Would you return, word for word, the lines running from the one with "Molecular Characterization of" to the final line of the listing below, pictures omitted?

++++ Recorded information ++++

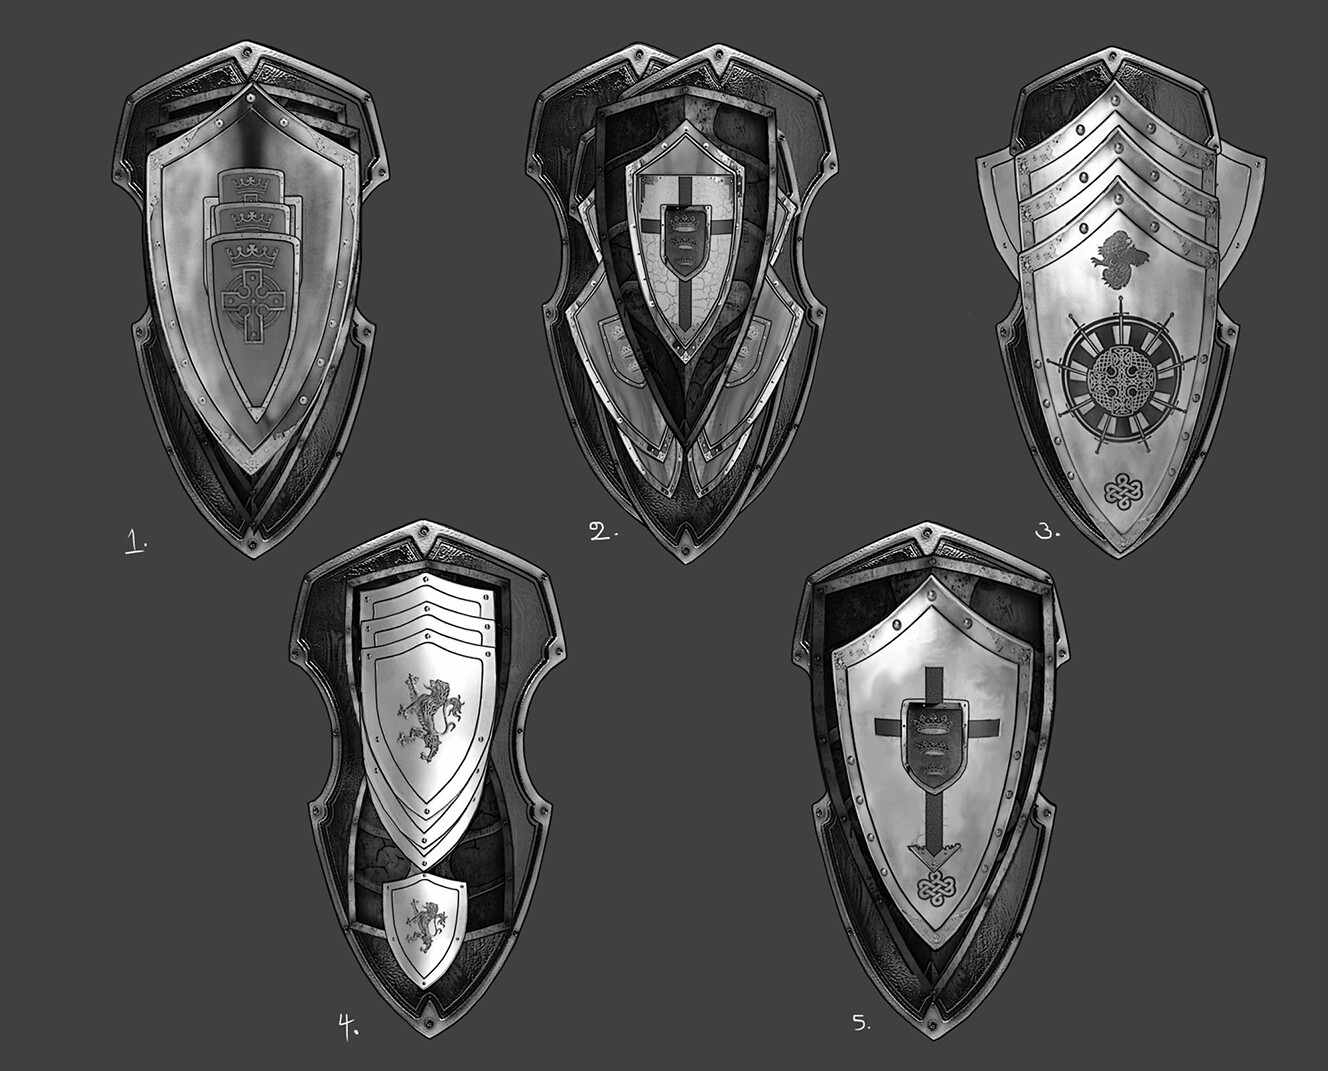 Shield concept variations photobashed and painted over to blend.
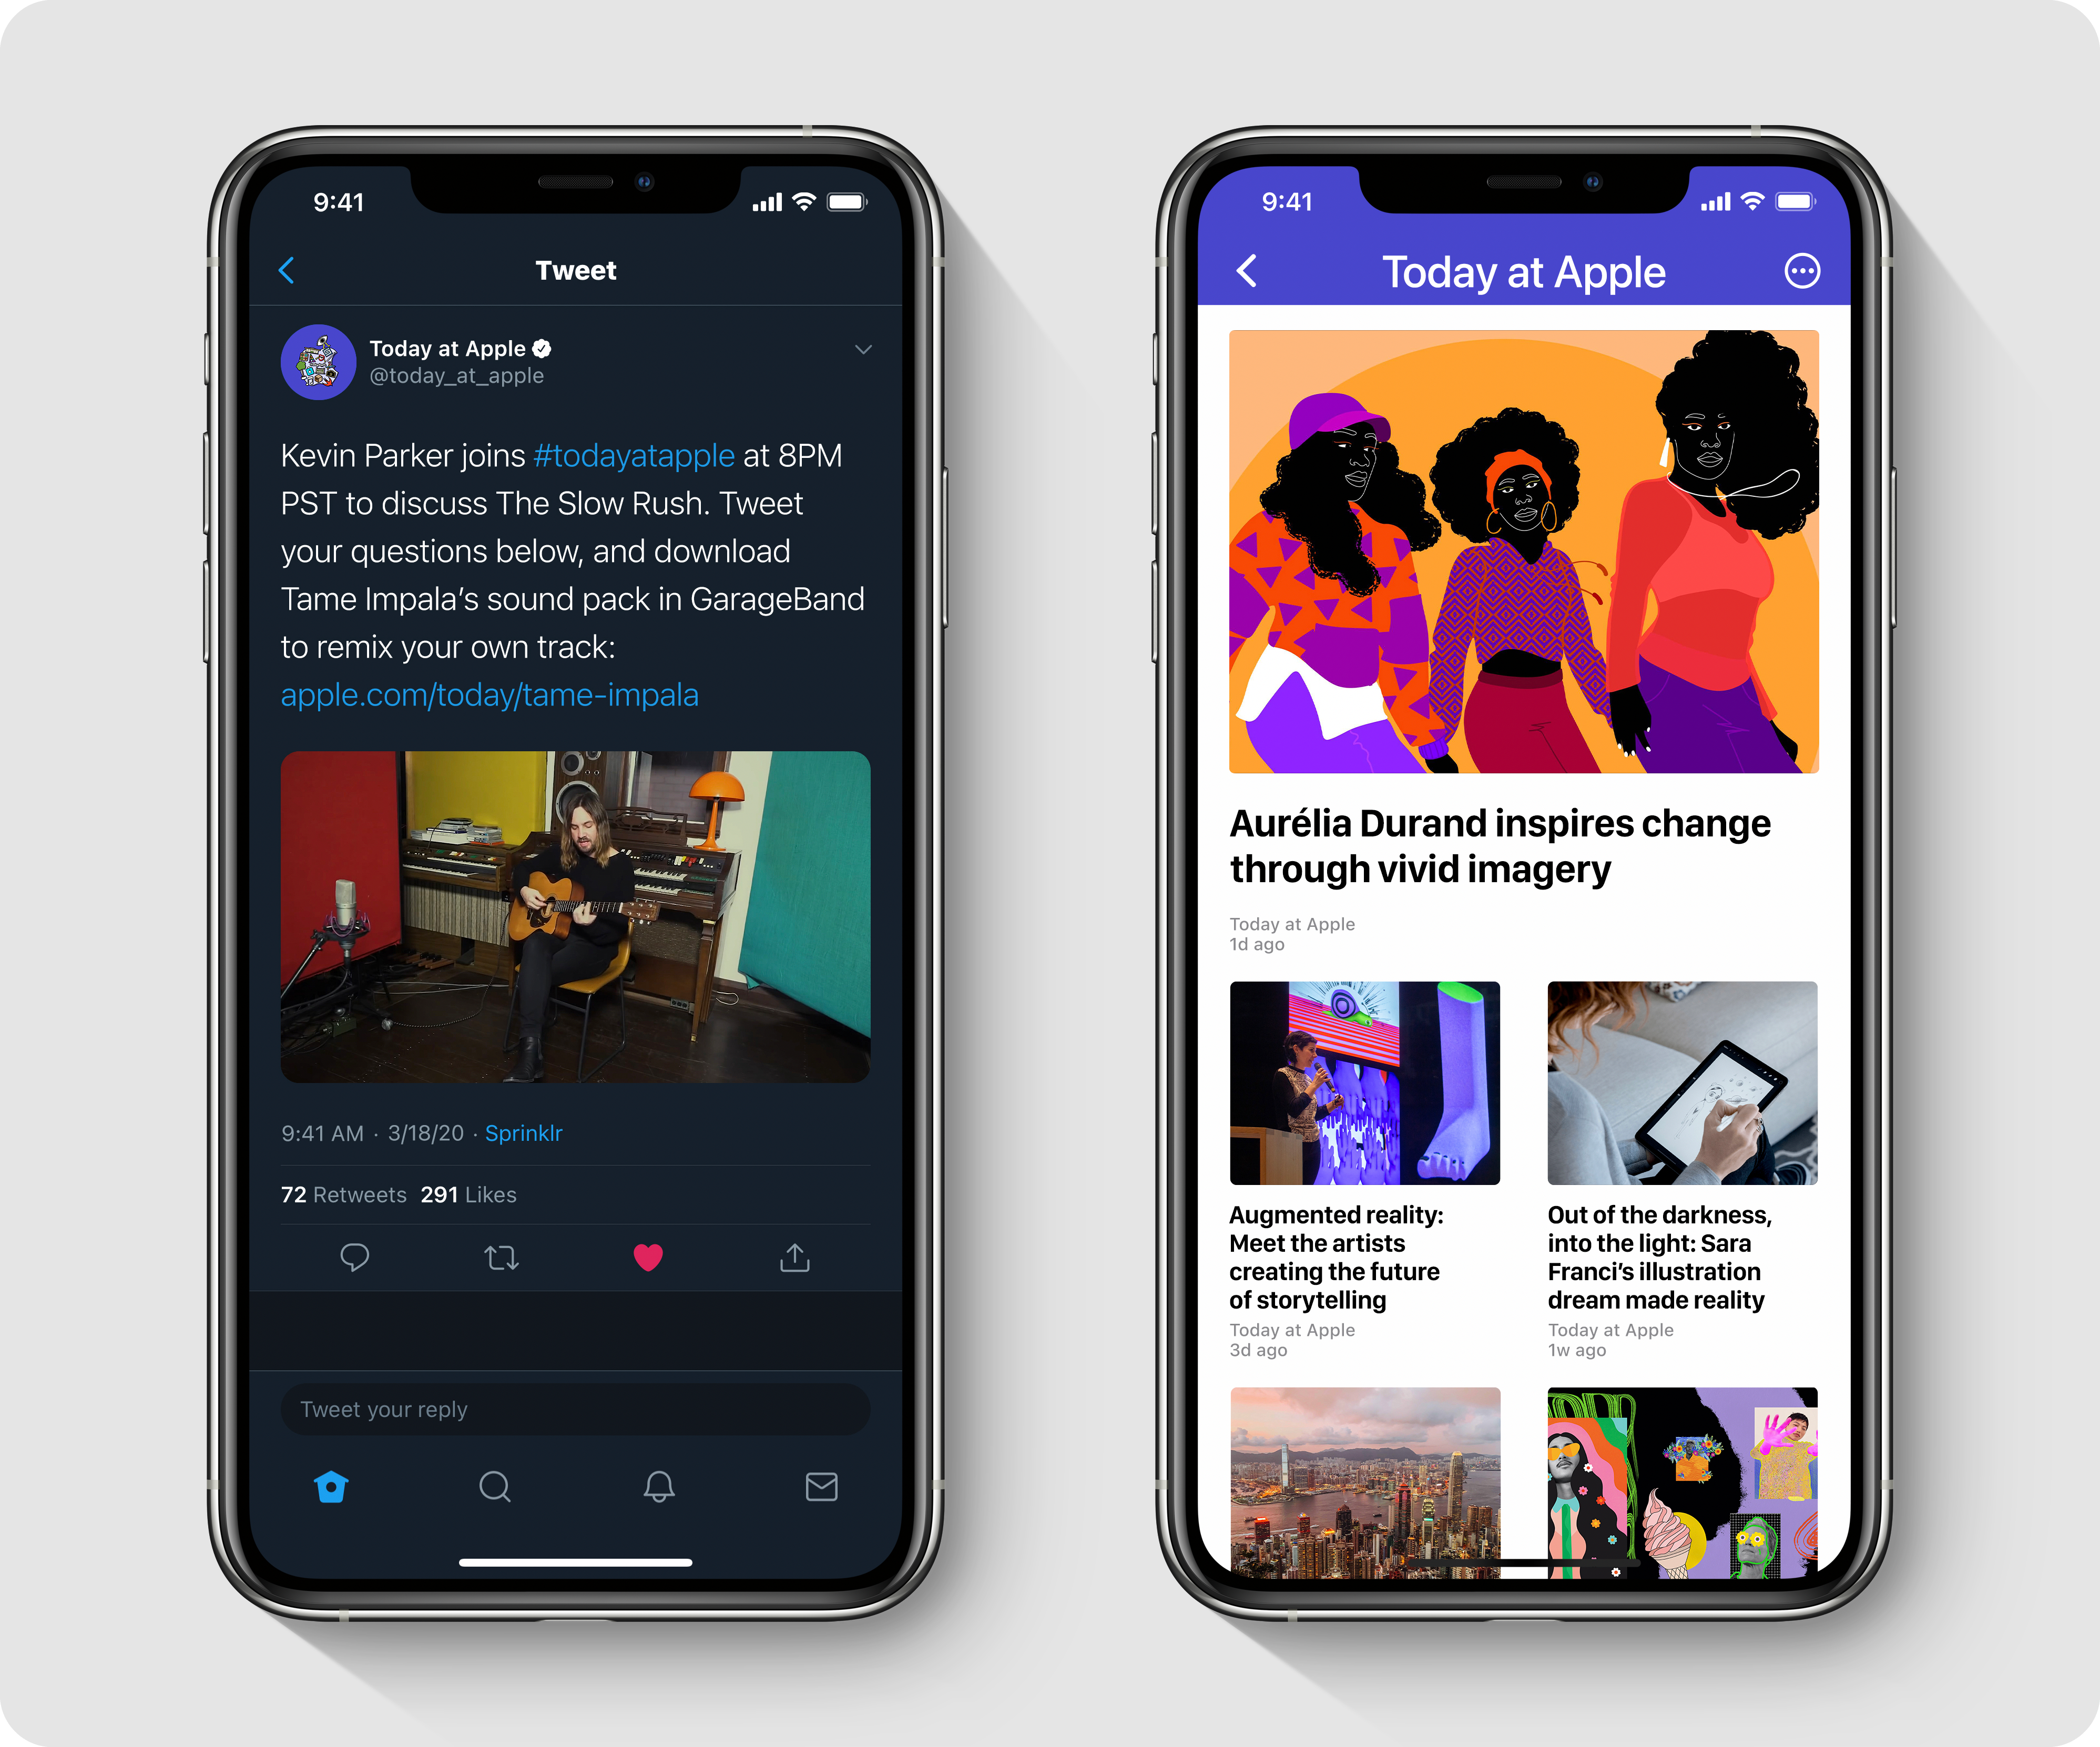 Today at Apple Online: Twitter
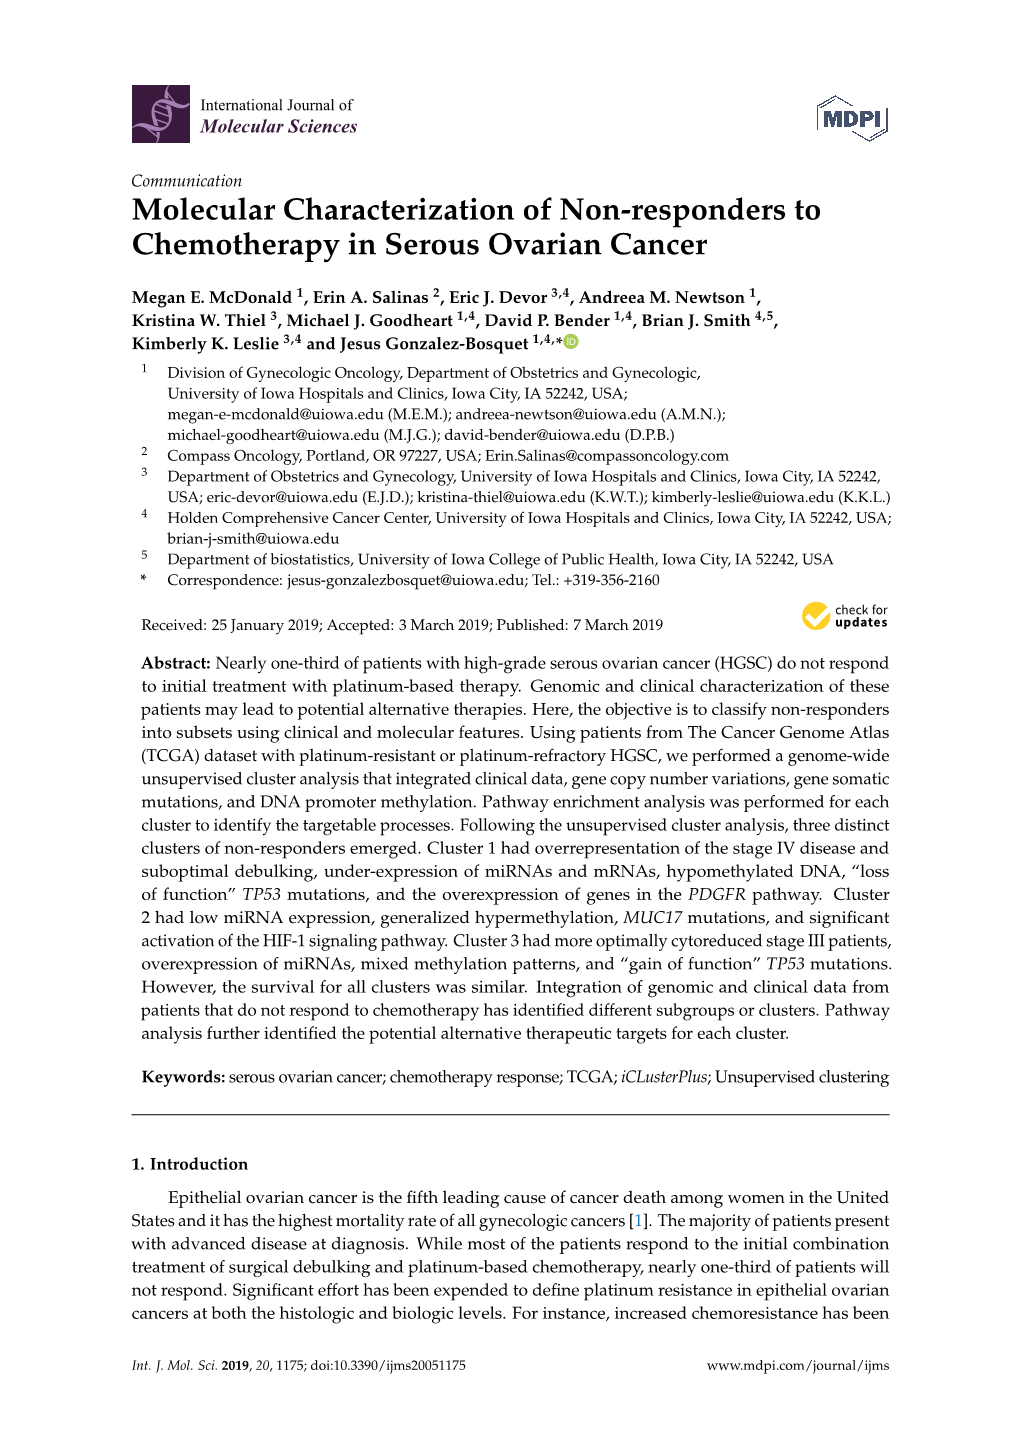 Molecular Characterization of Non-Responders to Chemotherapy in Serous Ovarian Cancer
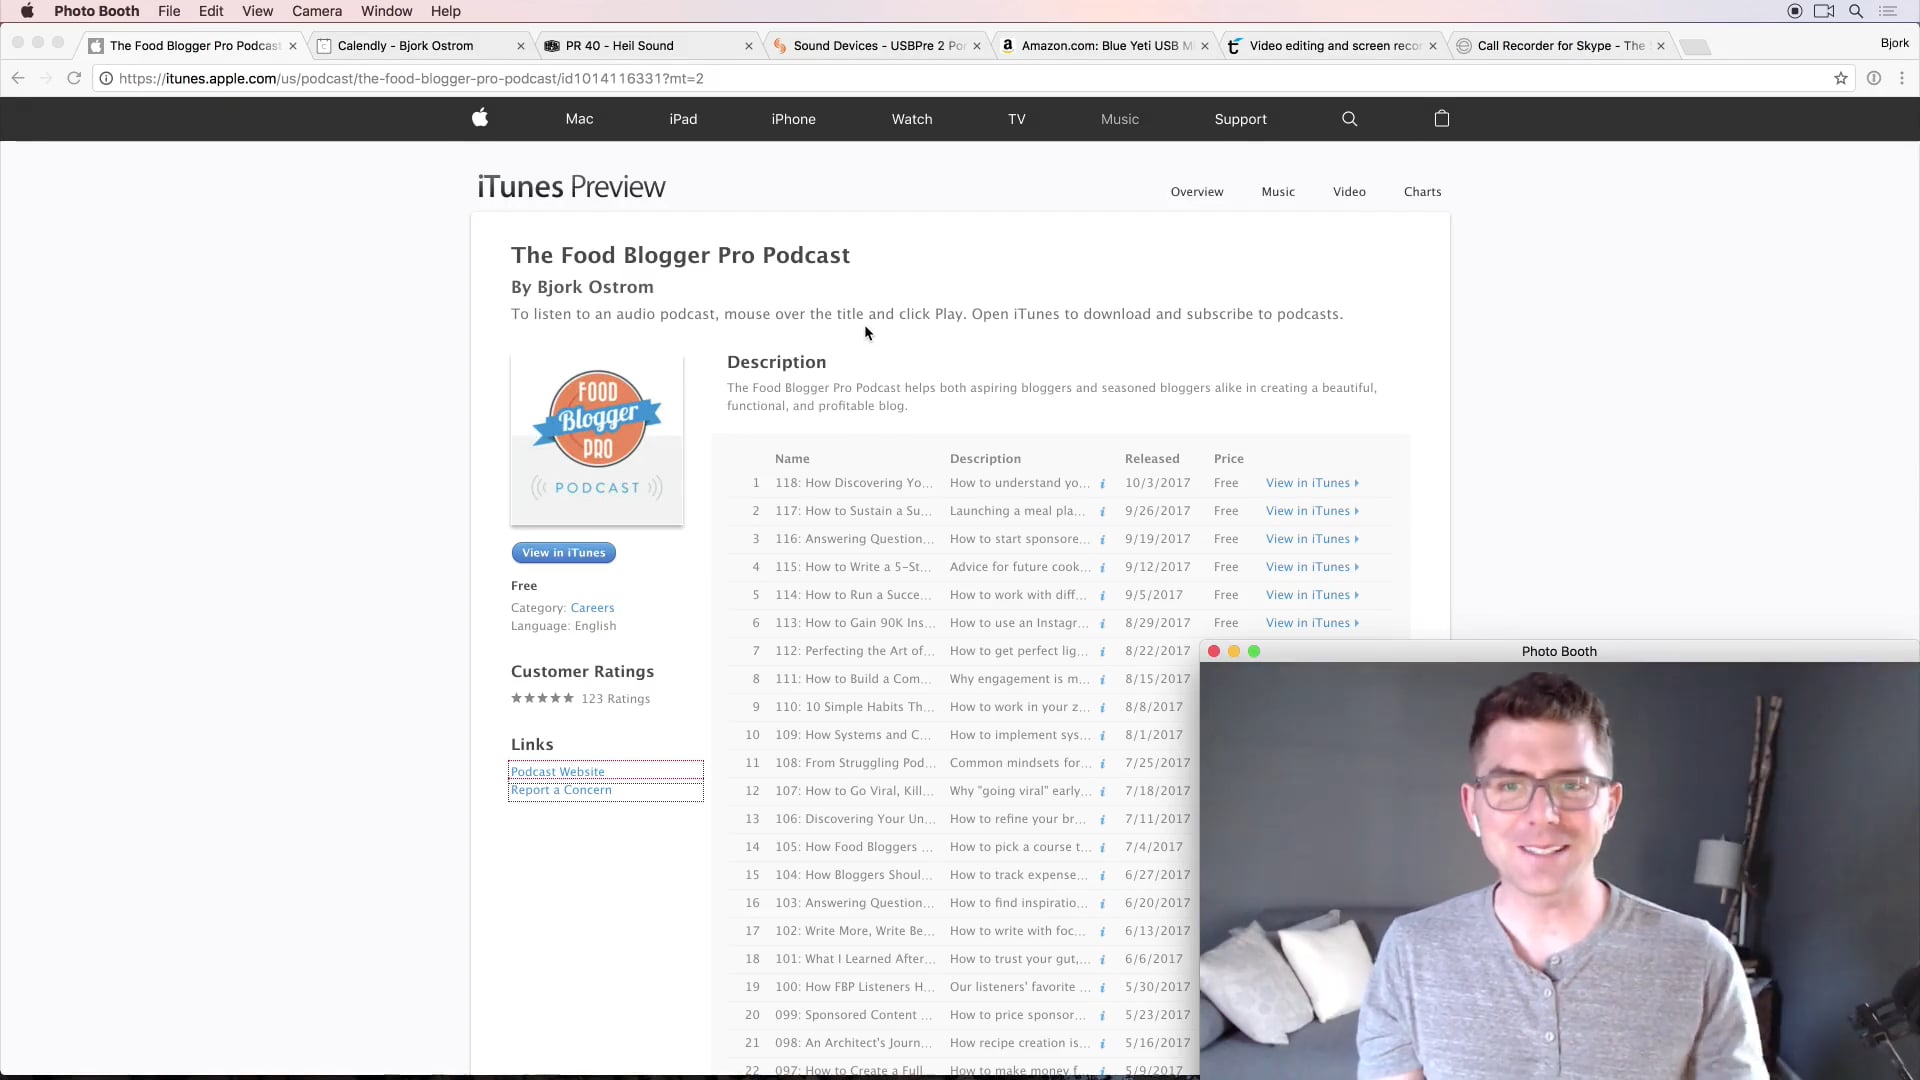 Screenshot of The Food Blogger Podcast on iTunes with Bjork Ostrom's face in the bottom righthand corner

++++

» **Response below**:
 Molecular Characterization of Non-Responders to Chemotherapy in Serous Ovarian Cancer
 Screenshot of The Food Blogger Podcast on iTunes with Bjork Ostrom's face in the bottom righthand corner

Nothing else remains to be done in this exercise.